Link Beschreibung
Faktencheck von Leven Wortmann für den ARD-faktenfinder bei Tagesschau vom 27. August 2026, zehn Tage vor der Landtagswahl in Sachsen-Anhalt. Der Beitrag ordnet die vor allem auf X verbreiteten Behauptungen ein, die Briefwahl sei unsicher oder werde zugunsten linker Parteien sortiert.
Wahlforscher Eric Linhart (TU Chemnitz) sieht keinerlei Anhaltspunkte für strukturelle Manipulation und benennt als größtes reales Risiko das "family voting" innerhalb von Haushalten.

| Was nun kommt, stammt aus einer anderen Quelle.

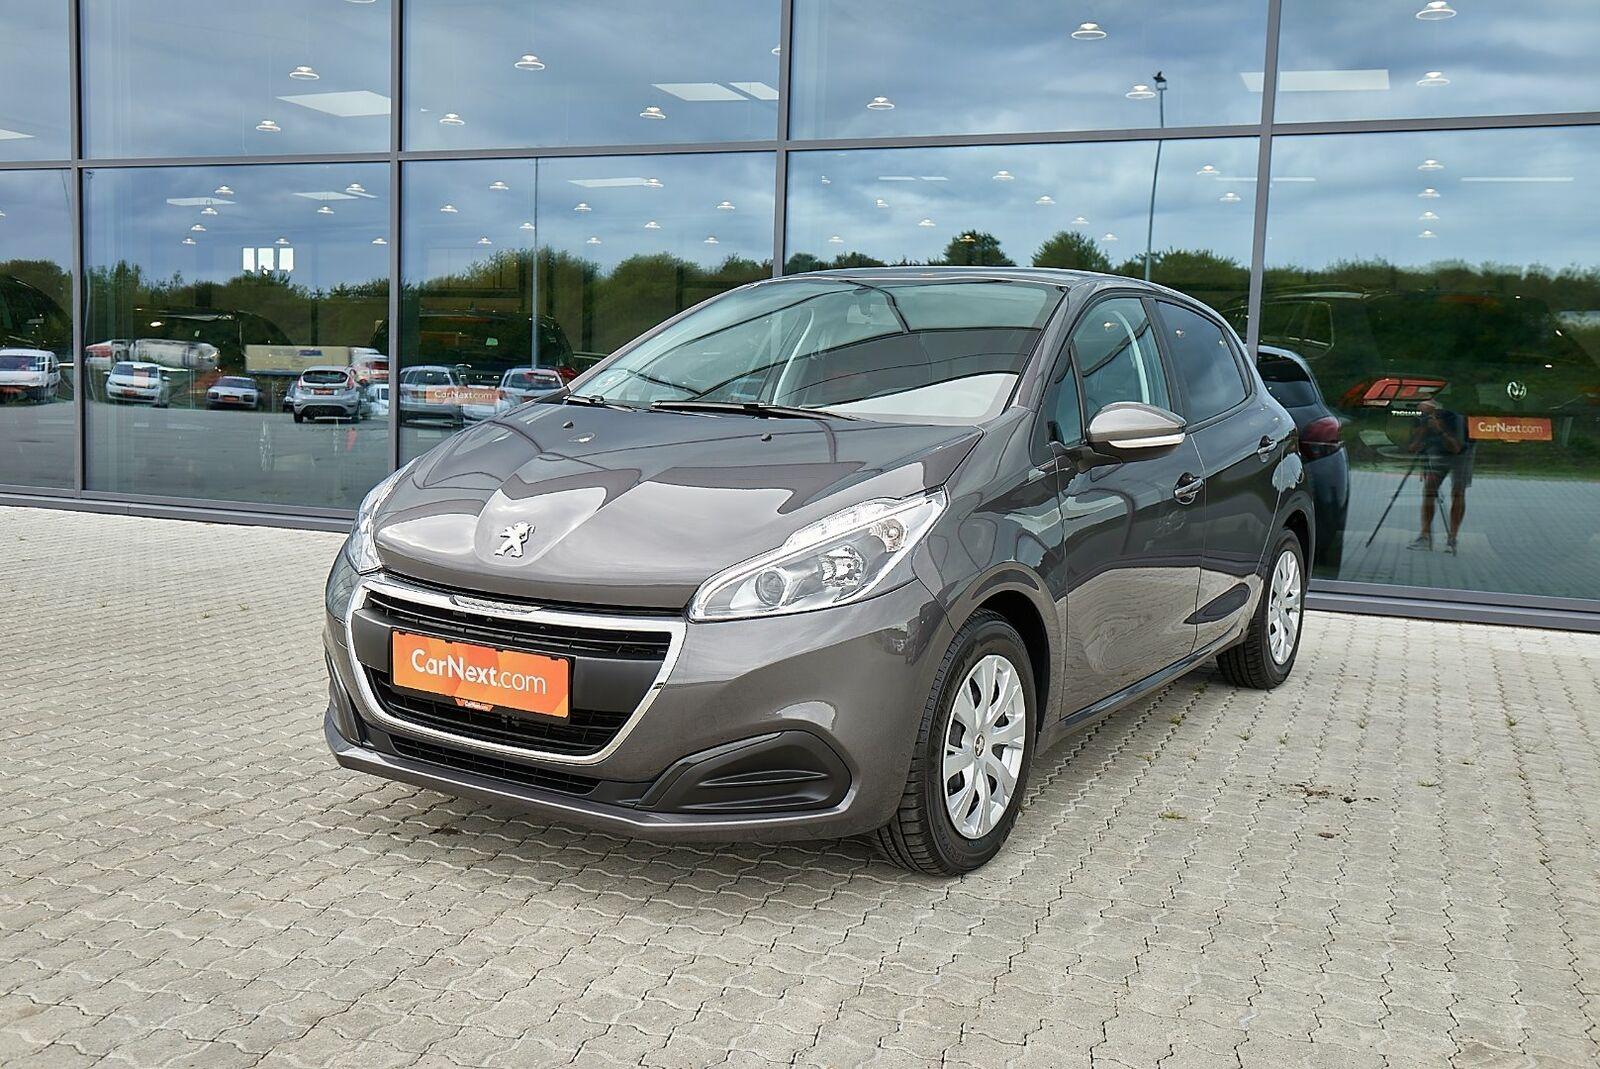 Peugeot 208 1,2 PT 82 Envy 5d - 109.900 kr.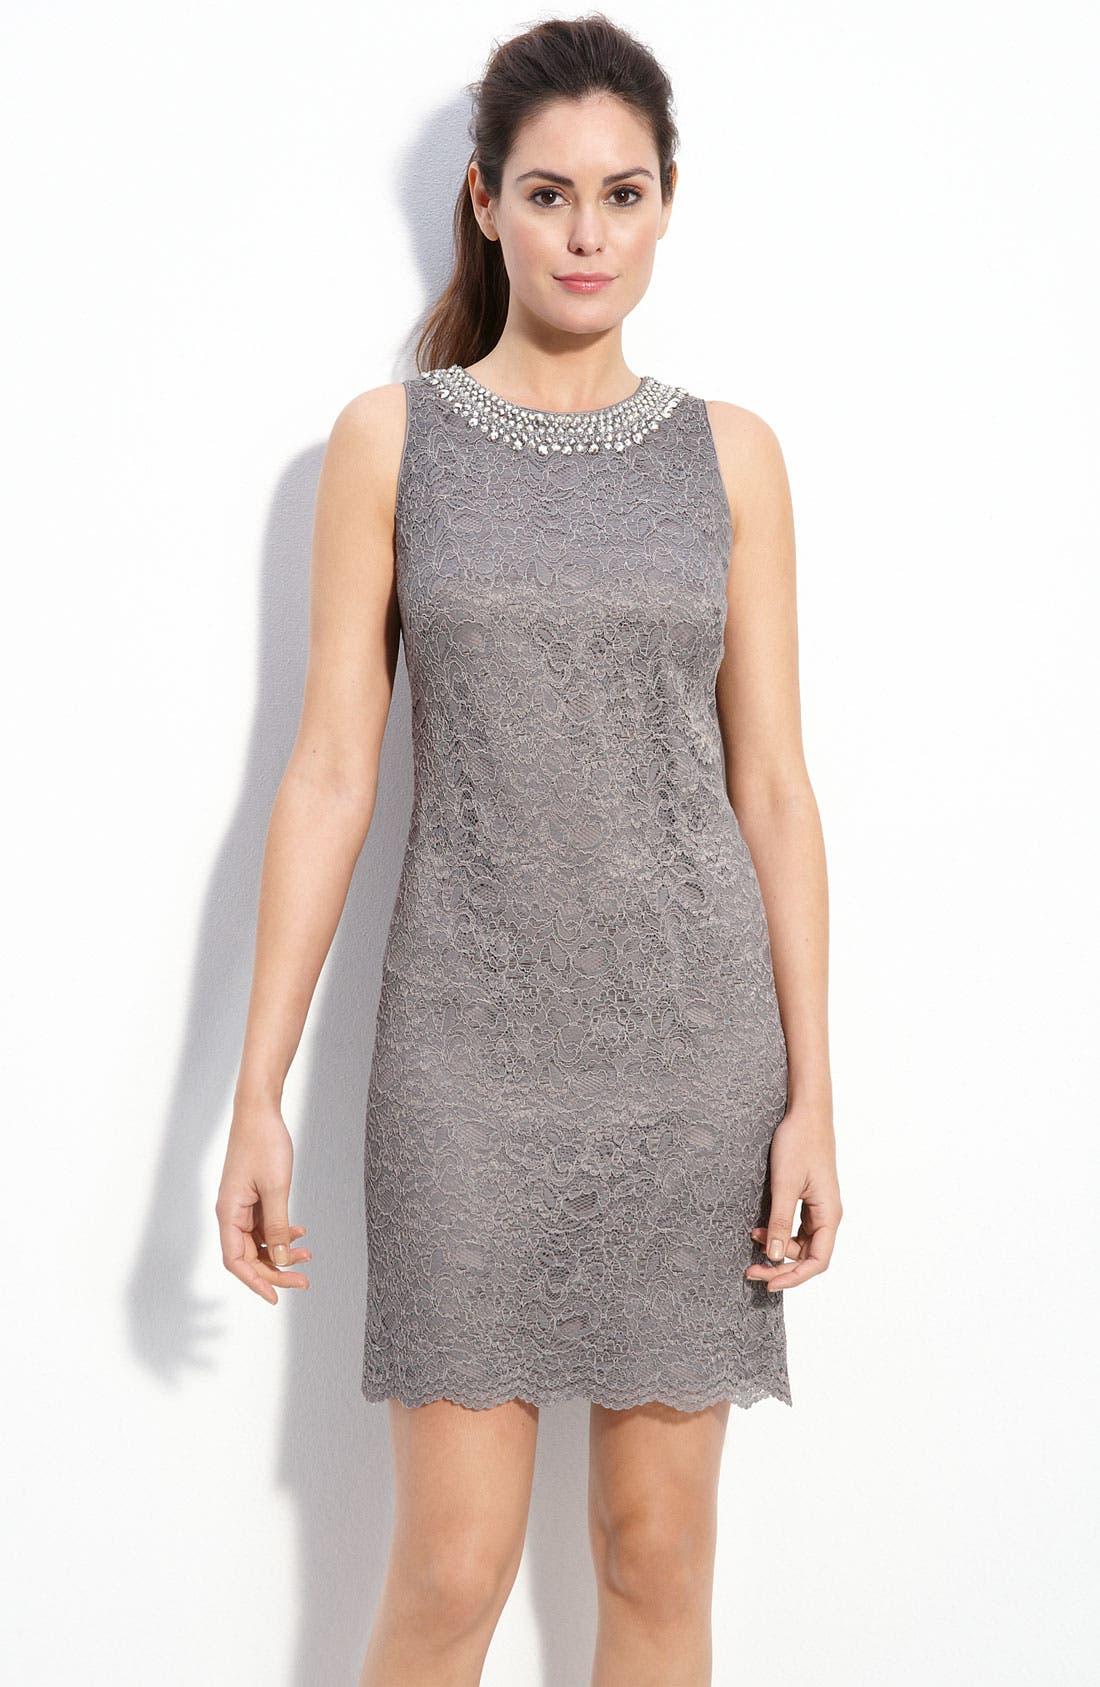 MAGGY LONDON, Beaded Lace Shift Dress, Main thumbnail 1, color, 020

Dominic Nyhuis (Universität Hannover) führt die Dezentralität als Schutzfaktor an: An einem großen Betrug müssten Hunderte Menschen an Dutzenden Auszählorten beteiligt sein, und eine einseitige Begünstigung einer einzelnen Partei sei nicht plausibel. Eine Studie von 2021 zu den Bundestagswahlen 1998 bis 2017 kommt zum Ergebnis, Schwachstellen lägen vor allem in Organisation und Logistik: "Kein Vorfall hätte das Wahlergebnis um auch nur einen Sitz verändern können."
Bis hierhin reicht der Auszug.